Яблонский взглянул на полку. Там и в самом деле стояла «мечта меломана» —
новенький японский музыкальный центр.
– Когда нибудь вместе послушаем. У тебя как с Татой? Жениться, когда думаешь? Гость с недоумением взглянул на Ивана Николаевича и, захлопав ресницами,
ответил:
– Да мы только сегодня с Татьяной познакомились. Иван Николаевич…
– Ну и что! Ты парень хороший, я это сразу подметил. Татьяне именно такой как ты, и нужен.
– Да, вы шутите, Иван Николаевич!? То ли спросил, то ли констатировал Яблонский.
– Я вас не понимаю?
– Альков, брат, такими серьезными вещами не шутит. Раз сказал, женись – значит это капитально!
Иван Николаевич затянулся и замолчал. Выдохнув замысловатый клуб дыма, продолжил:
– Татьяна девушка хорошая. Я ее очень люблю! Да, ты не смотри на меня с таким изумлением.
«Надо же, – думал Яблонский, – там меня в первый же день сватали, и горы золотые обещали, и здесь хомутают. Как будто я сын высокопоставленного папаши или сам ответственный работник. А я же никто – ноль. Так чего же они так на меня западают, точно пчелы на нектар?»
Иван Николаевич меж тем продолжал:
– Она ведь нам не дочь. Точнее не родная дочь. Родители Танюшкины, наши с женой приятели, погибли во время переворота в африканской стране. Ну, мы и взяли, так как детей у нас своих не было, ее к себе. Вырастил я ее, выучил и она мне как дочь, только я
не могу тебе это словами объяснить почему, она мне даже больше чем дочь!
«Ах, вот отчего она на них не похожа. – Подумал Яблонский, и тут в его голове родилась дикая мысль. – А может – он с ней спал, а теперь хочет пристроить ее замуж? Ведь сам сказал она мне больше, чем дочь. А что так раньше делали генералы – выдавали надоевших любовниц за адъютантов и помогали деньгами. А он ведь у нас производственный генерал»…
– Так, что женись, Гриша.
– Да, что вы Иван Николаевич. – Недоуменно глядя на собеседника, сказал
Яблонский. – Я вас не понимаю. Вы шутите.
– Да, что ты все заладил с этими шутками. Альков, брат, человек серьезный. Гость тоже принял серьезный вид и торжественным голосом заговорил.
– Ну, а если серьезно, то я вам скажу так. Допустим, я за. Допустим, но мы с вами, не знаем, хочет ли этого Татьяна, это раз…
Иван Николаевич не дал закончить Яблонскому.
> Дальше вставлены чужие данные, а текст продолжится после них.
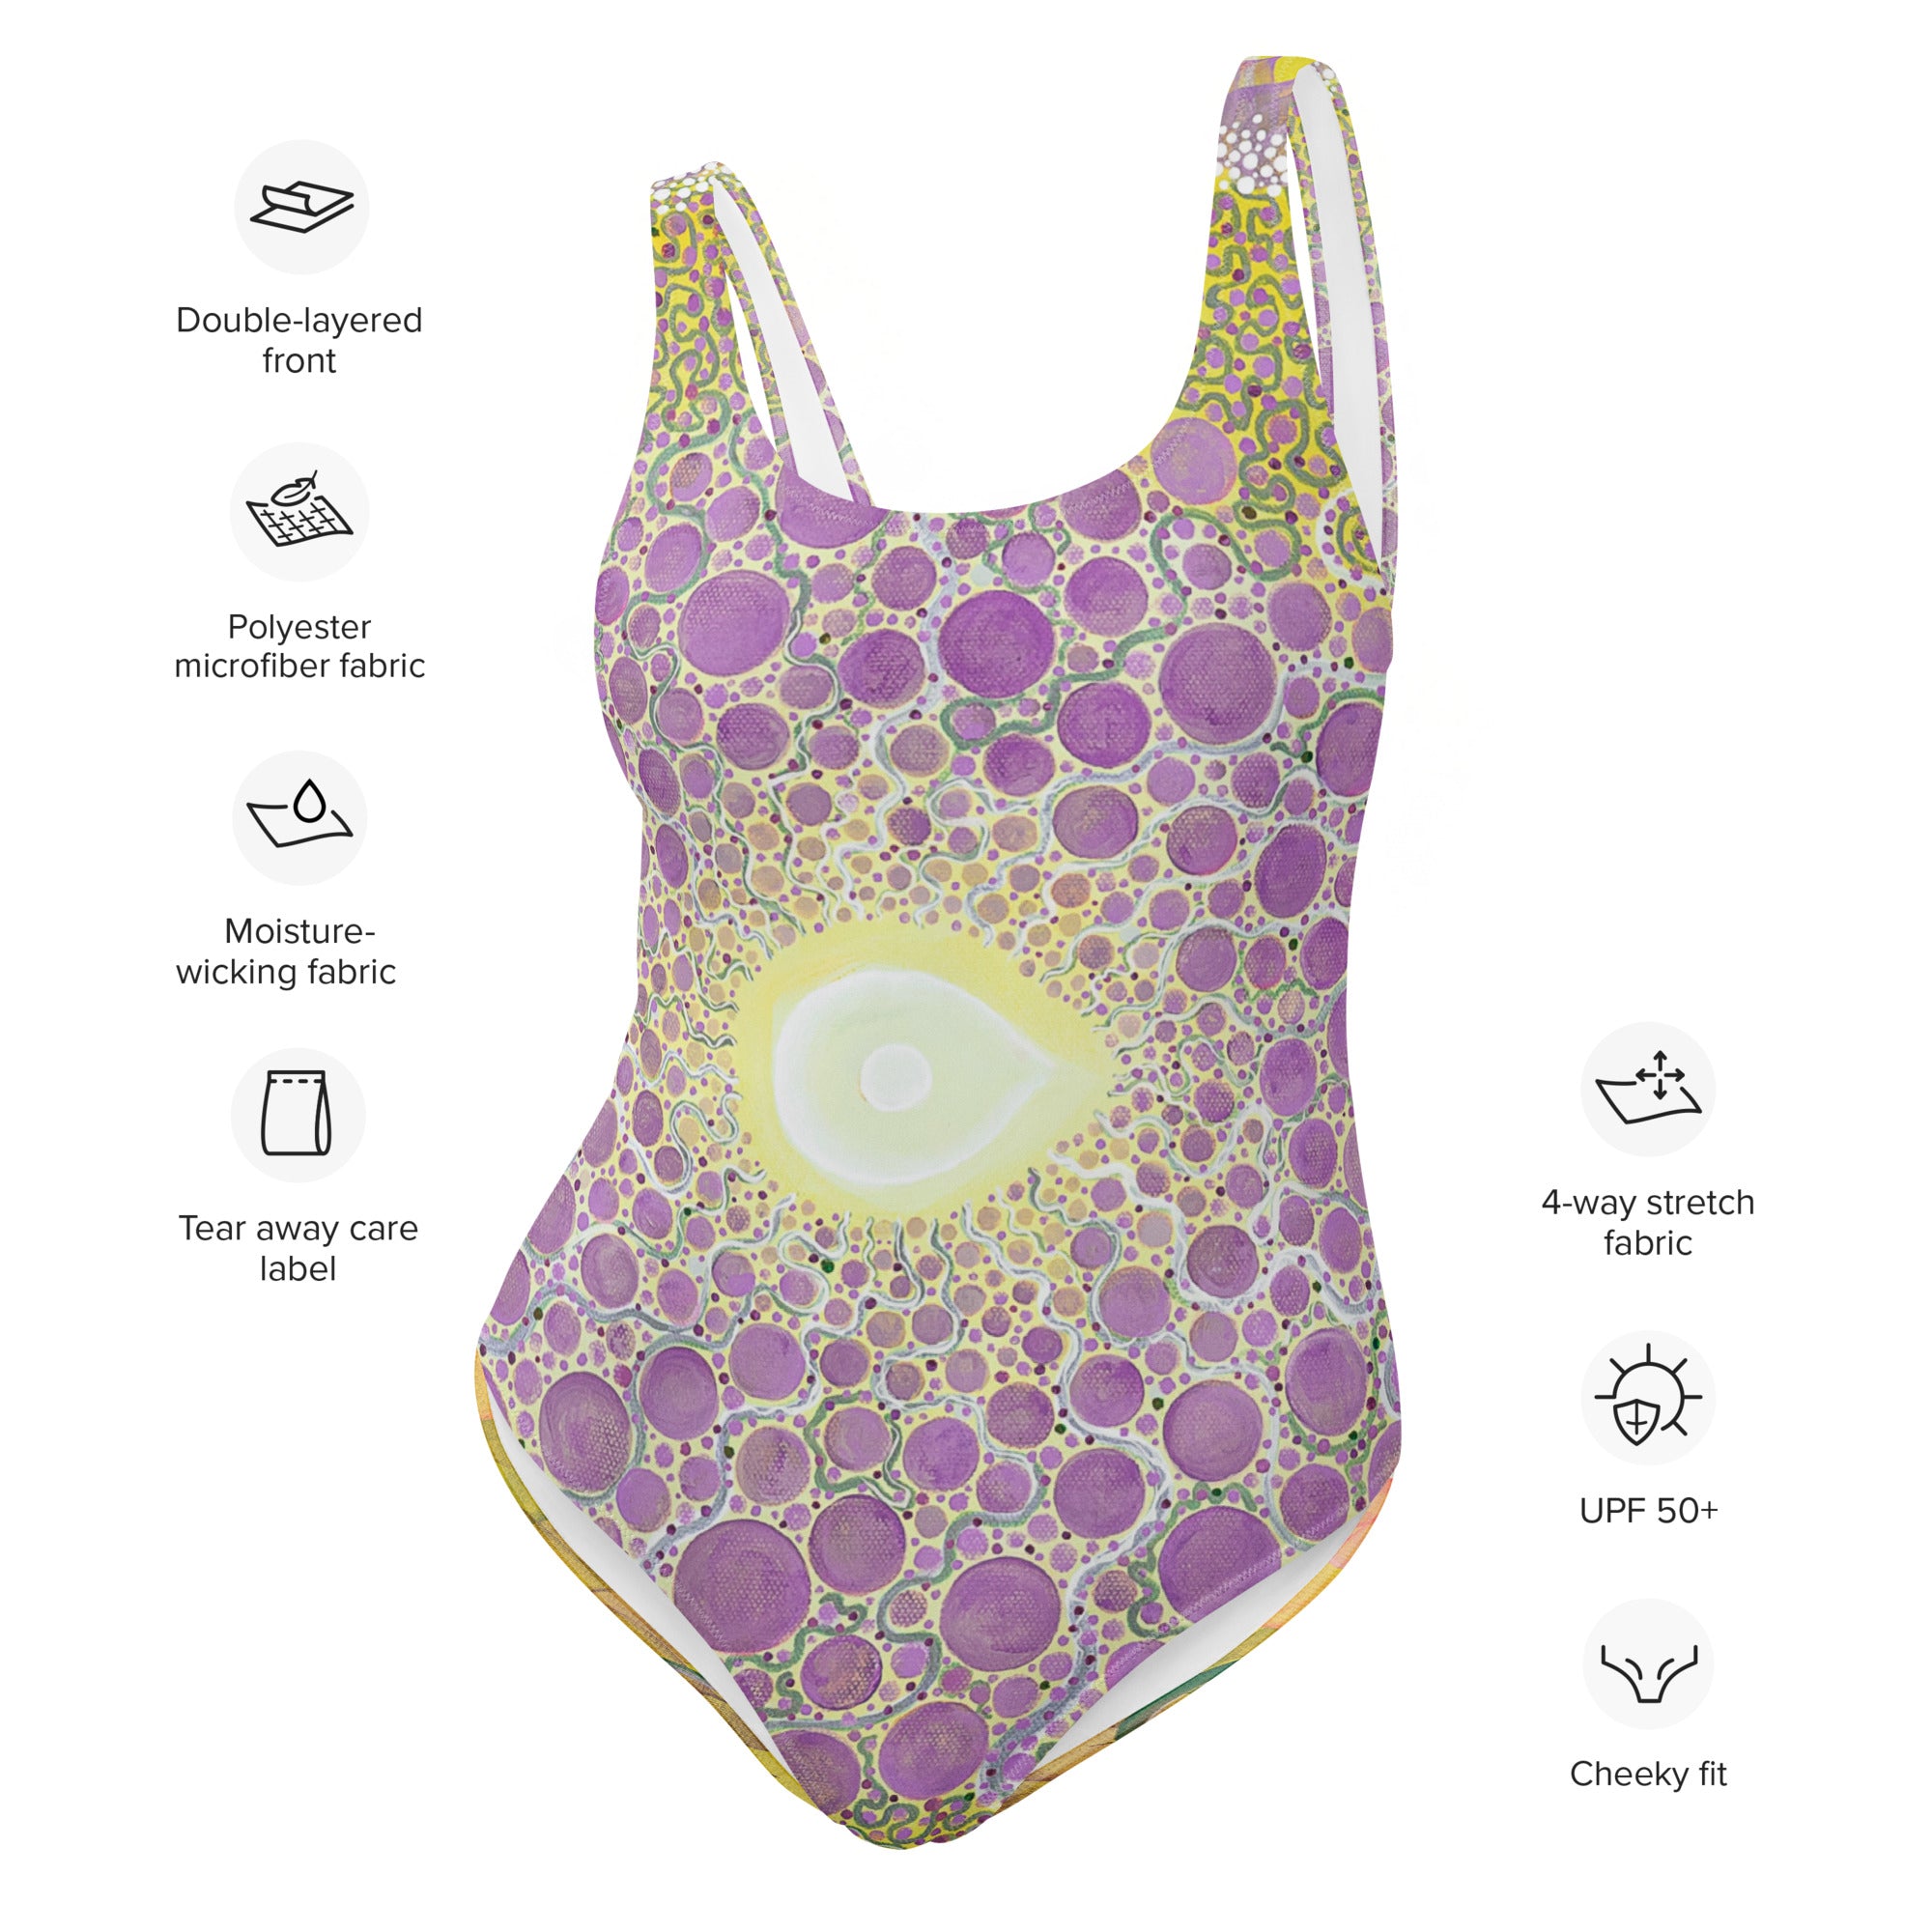 Purple Bloom One-Piece Swimsuit

– Танюшка тебя в первый день знакомства привела домой, такого никогда не было. Значит, я делаю вывод, что ты ей понравился. Вот так, брат, понравился, а ты мне ту понимаешь, считалочки устраиваешь. Раз, два, три, четыре, пять я иду искать!
– Может быть вы и правы, Иван Николаевич, может быть я и симпатичен Татьяне, но все одно у меня ощущение неестественности происходящего. Как-то всё очень лихо у нас получается. Вы не находите?
Альков сильно хлопнул себя ноге и ответил:
– А я бывший танкист, Гриша, привык действовать быстро и решительно! Я когда в армии служил, так мы нашей танковой бригадой, в Венгрии быстро порядок навели! А нынче, понимаешь ты, возятся, возятся. Я тебе объясню почему. Потому что у нашего
правительства утеряна решимость и лихость. Ну, так ты ж посмотри на них. Дряхлые старики.
– И все-таки, Иван Николаевич, простите но, по-моему, весь наш разговор смахивает на какой-то сюр, абсурд, если хотите.
– Сюр, абсурд, нахватались, понимаешь, слов. Да никакого тут абсурда нет, а есть обычное сватовство. Я тебя сватаю за свою дочь. Понимаешь, сватаю, а не предлагаю, задрав штаны в ЗАГС бежать.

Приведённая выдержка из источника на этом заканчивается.